AIM OF THE TASK
Exact copies of the lines below are the goal; any images in them are dropped.

DATA EXCERPT
++++++
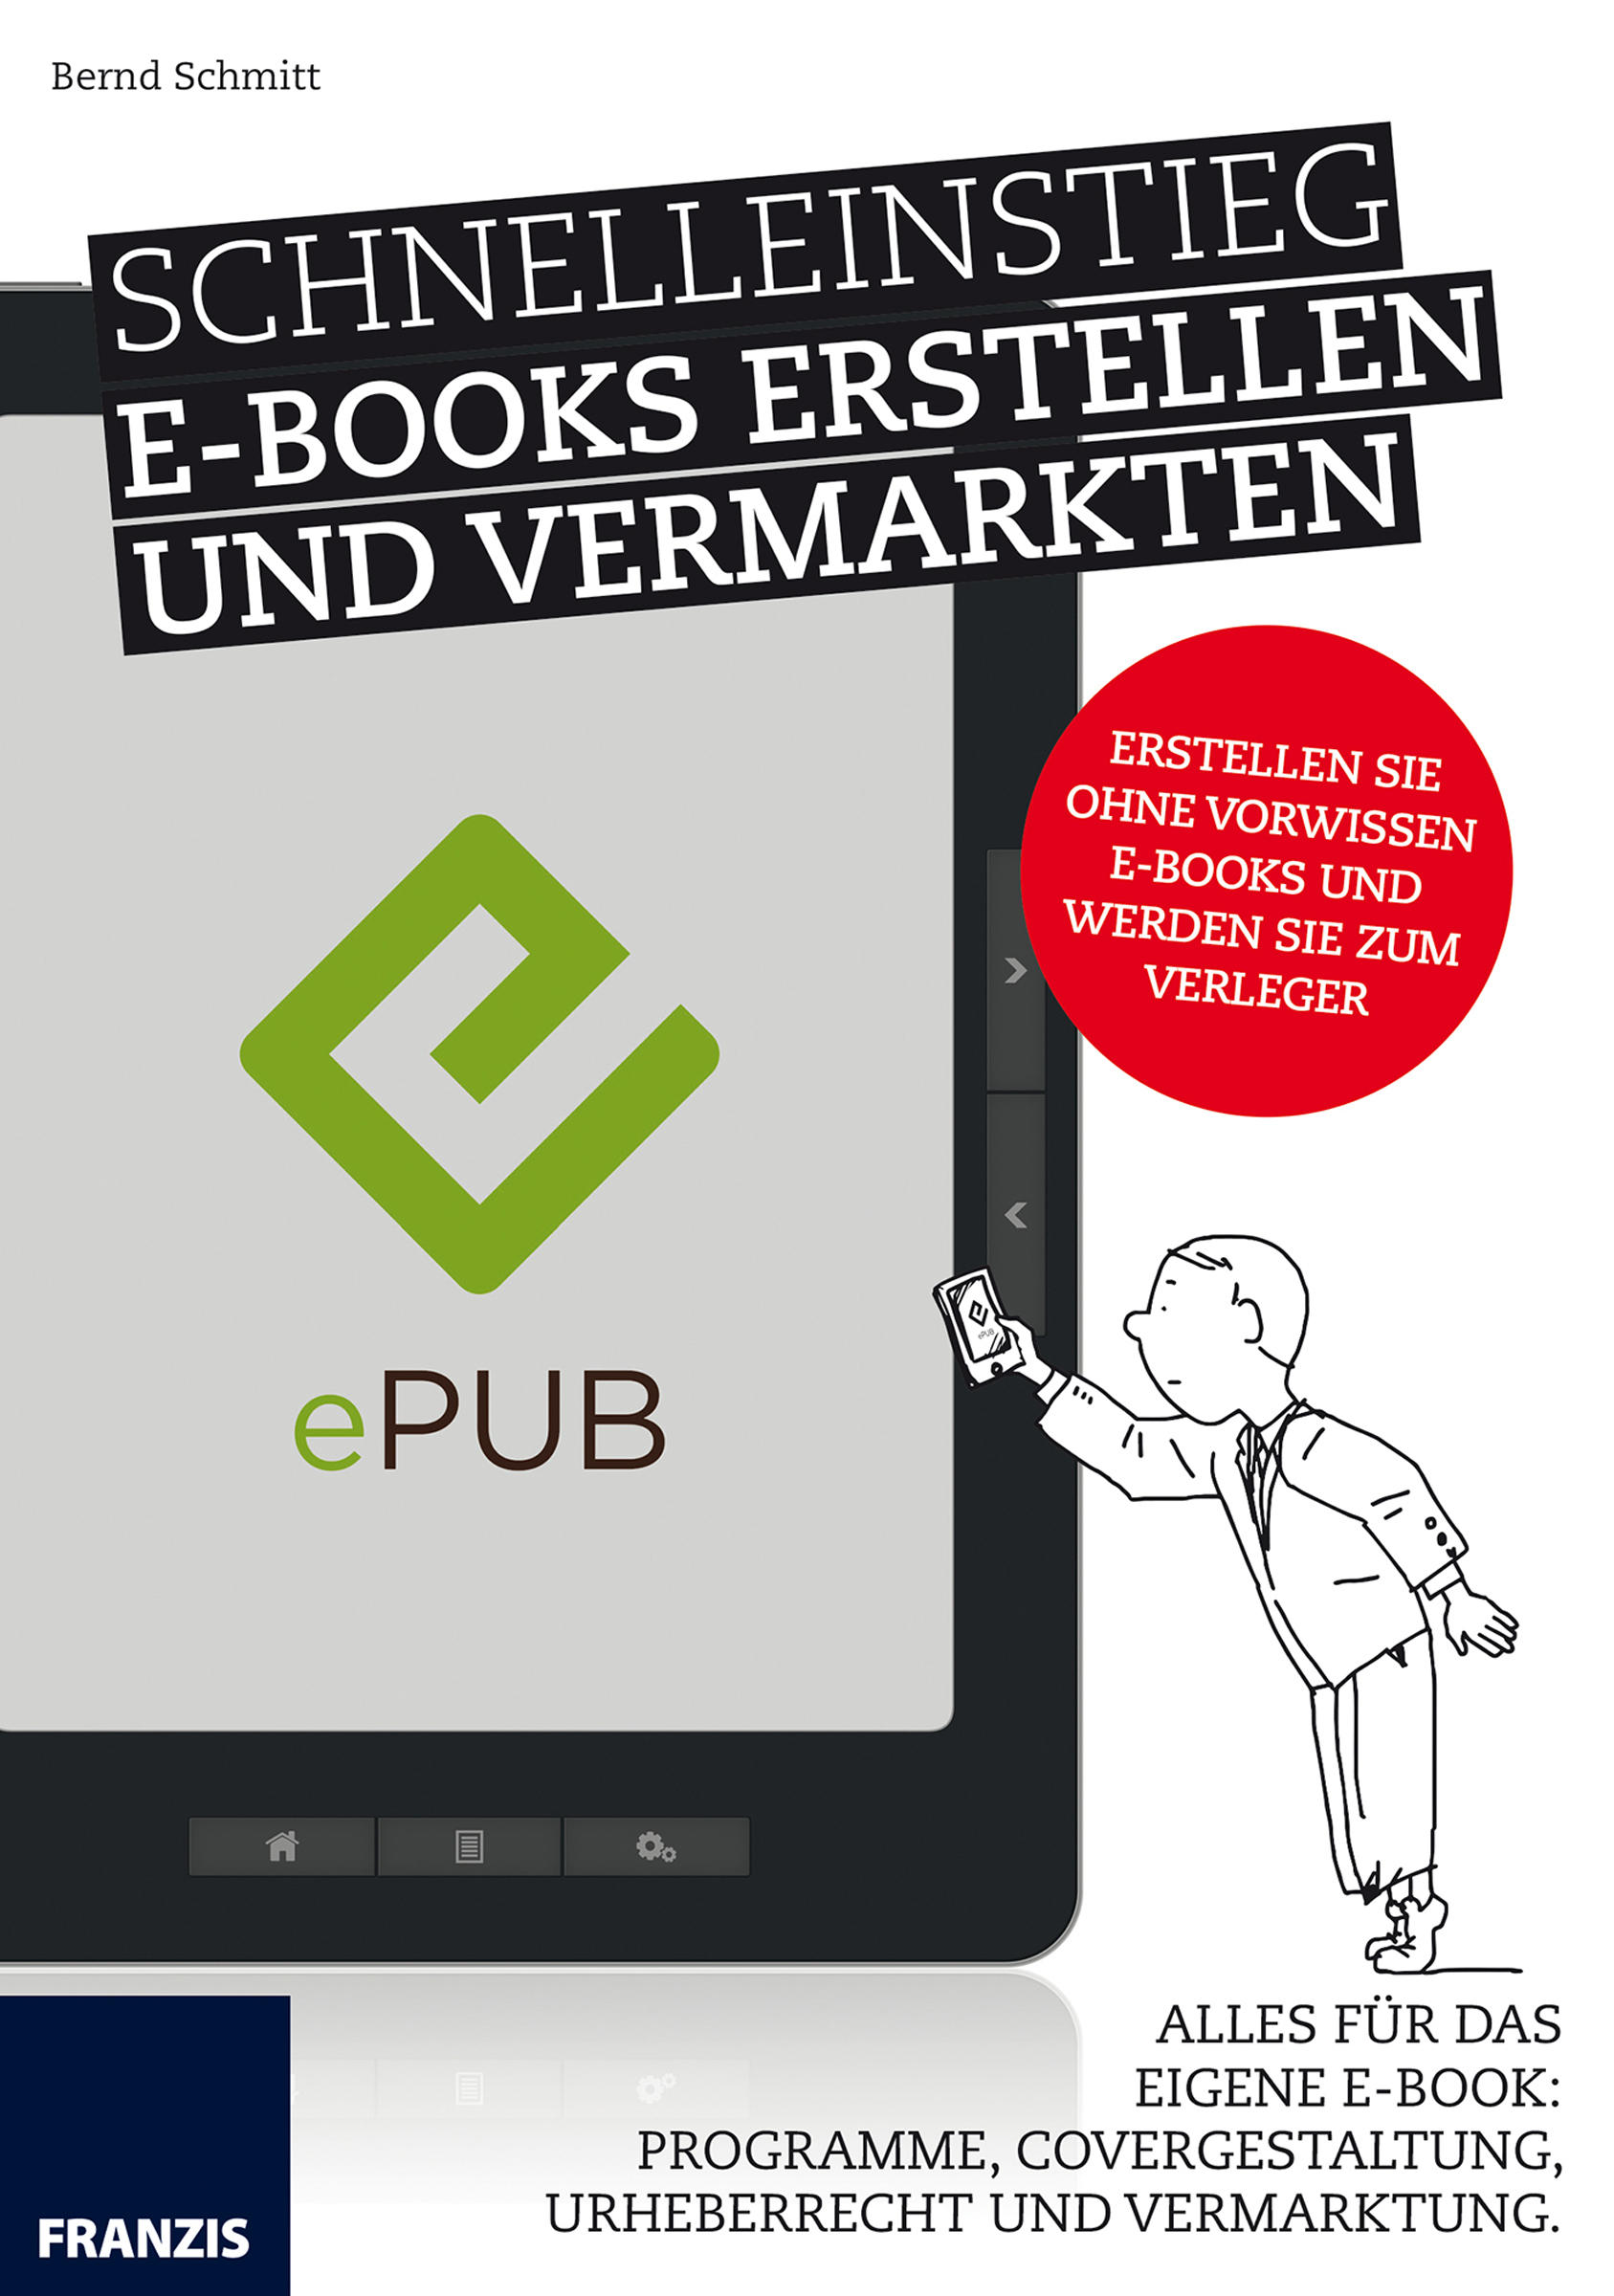 Bernd Schmitt Schnelleinstieg E-Books erstellen und vermarkten j schmitt air variе
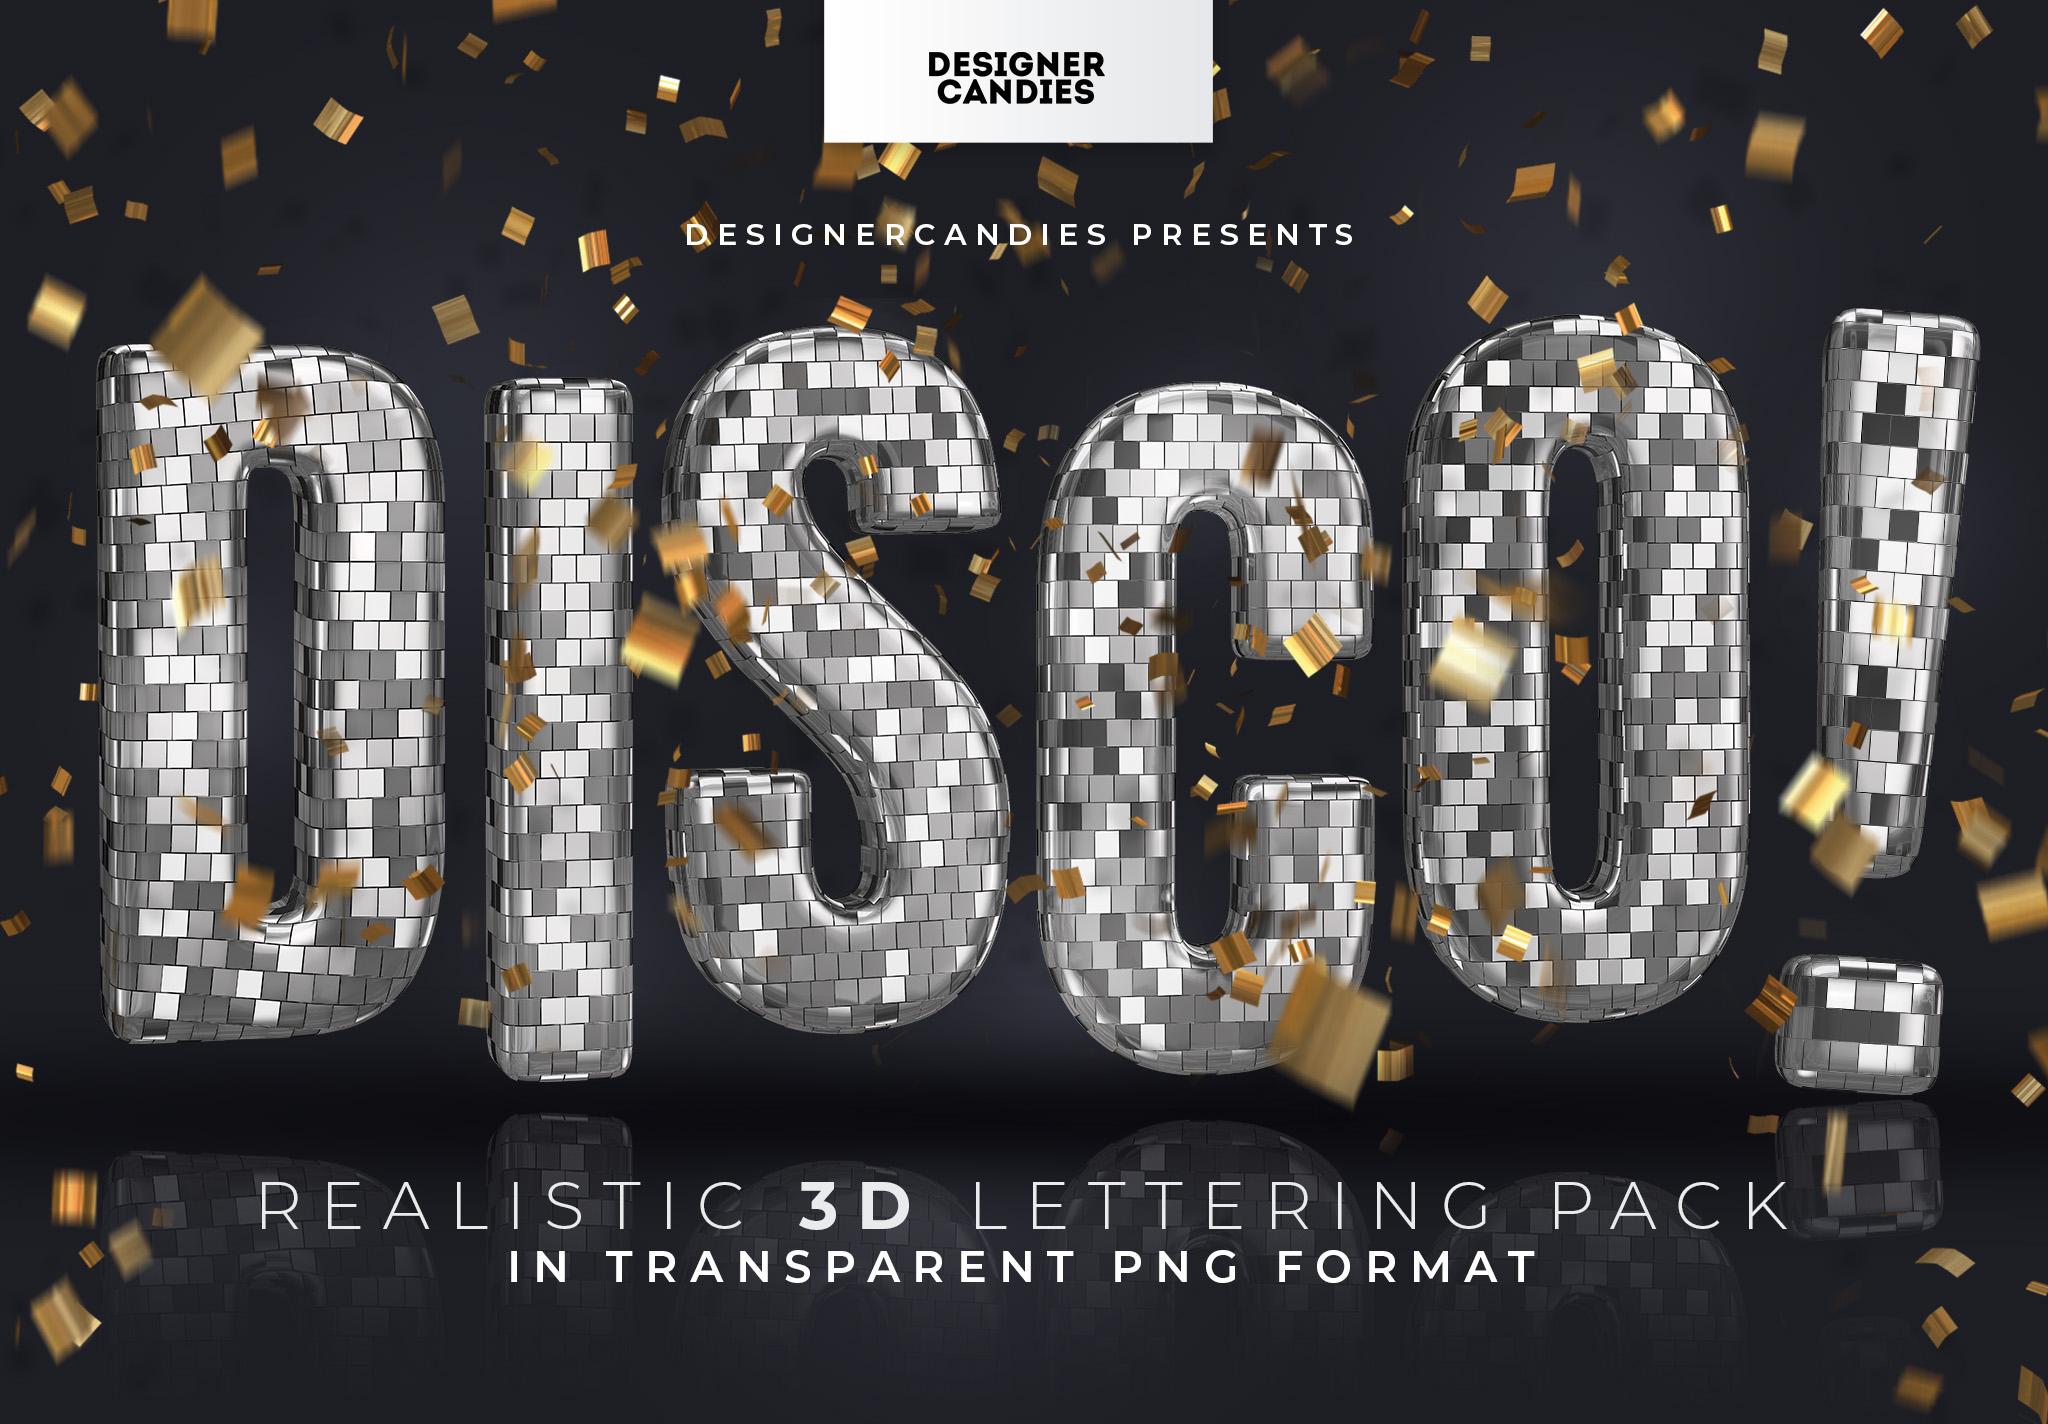 Disco Ball 3D Lettering Pack
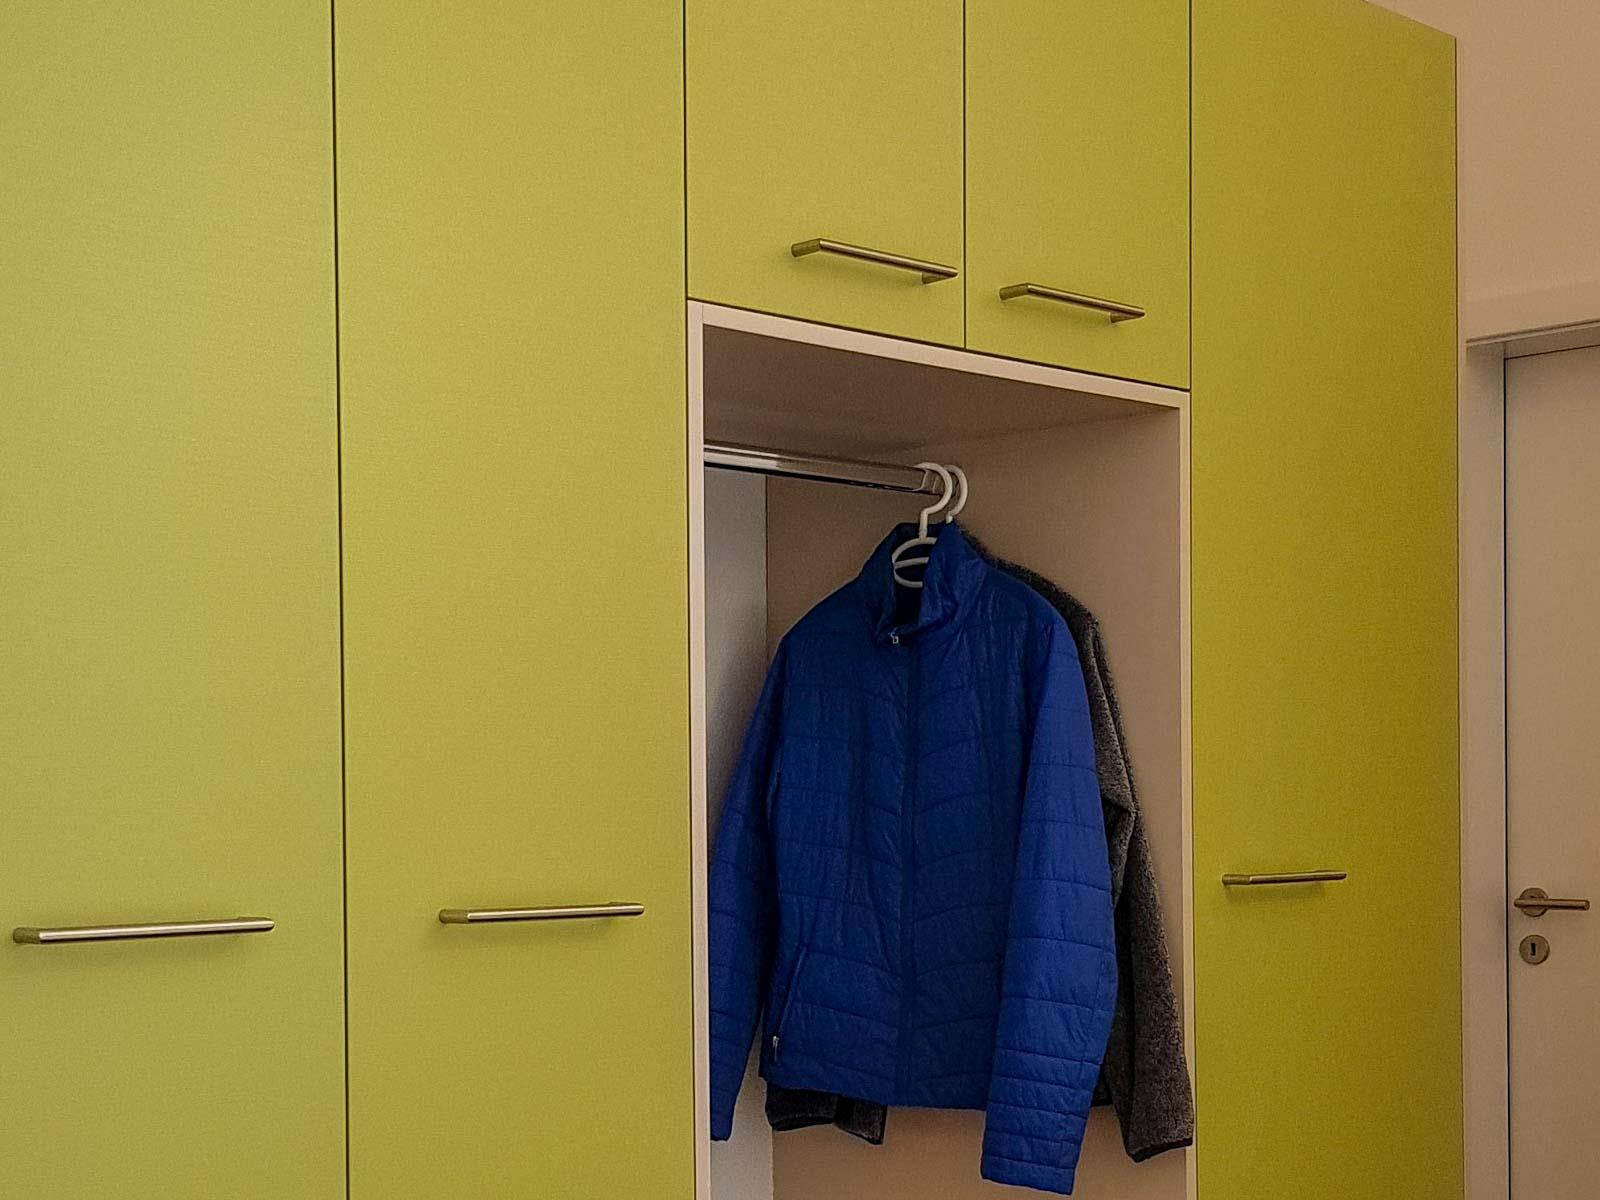 Wooddesign_Garderobe_Gästegarderobe_grün_beige_offene Gästegarderobe_Putzschrank (1)
++++++
REPLY
 Bernd Schmitt Schnelleinstieg E-Books erstellen und vermarkten j schmitt air variе
 Disco Ball 3D Lettering Pack
 Wooddesign_Garderobe_Gästegarderobe_grün_beige_offene Gästegarderobe_Putzschrank (1)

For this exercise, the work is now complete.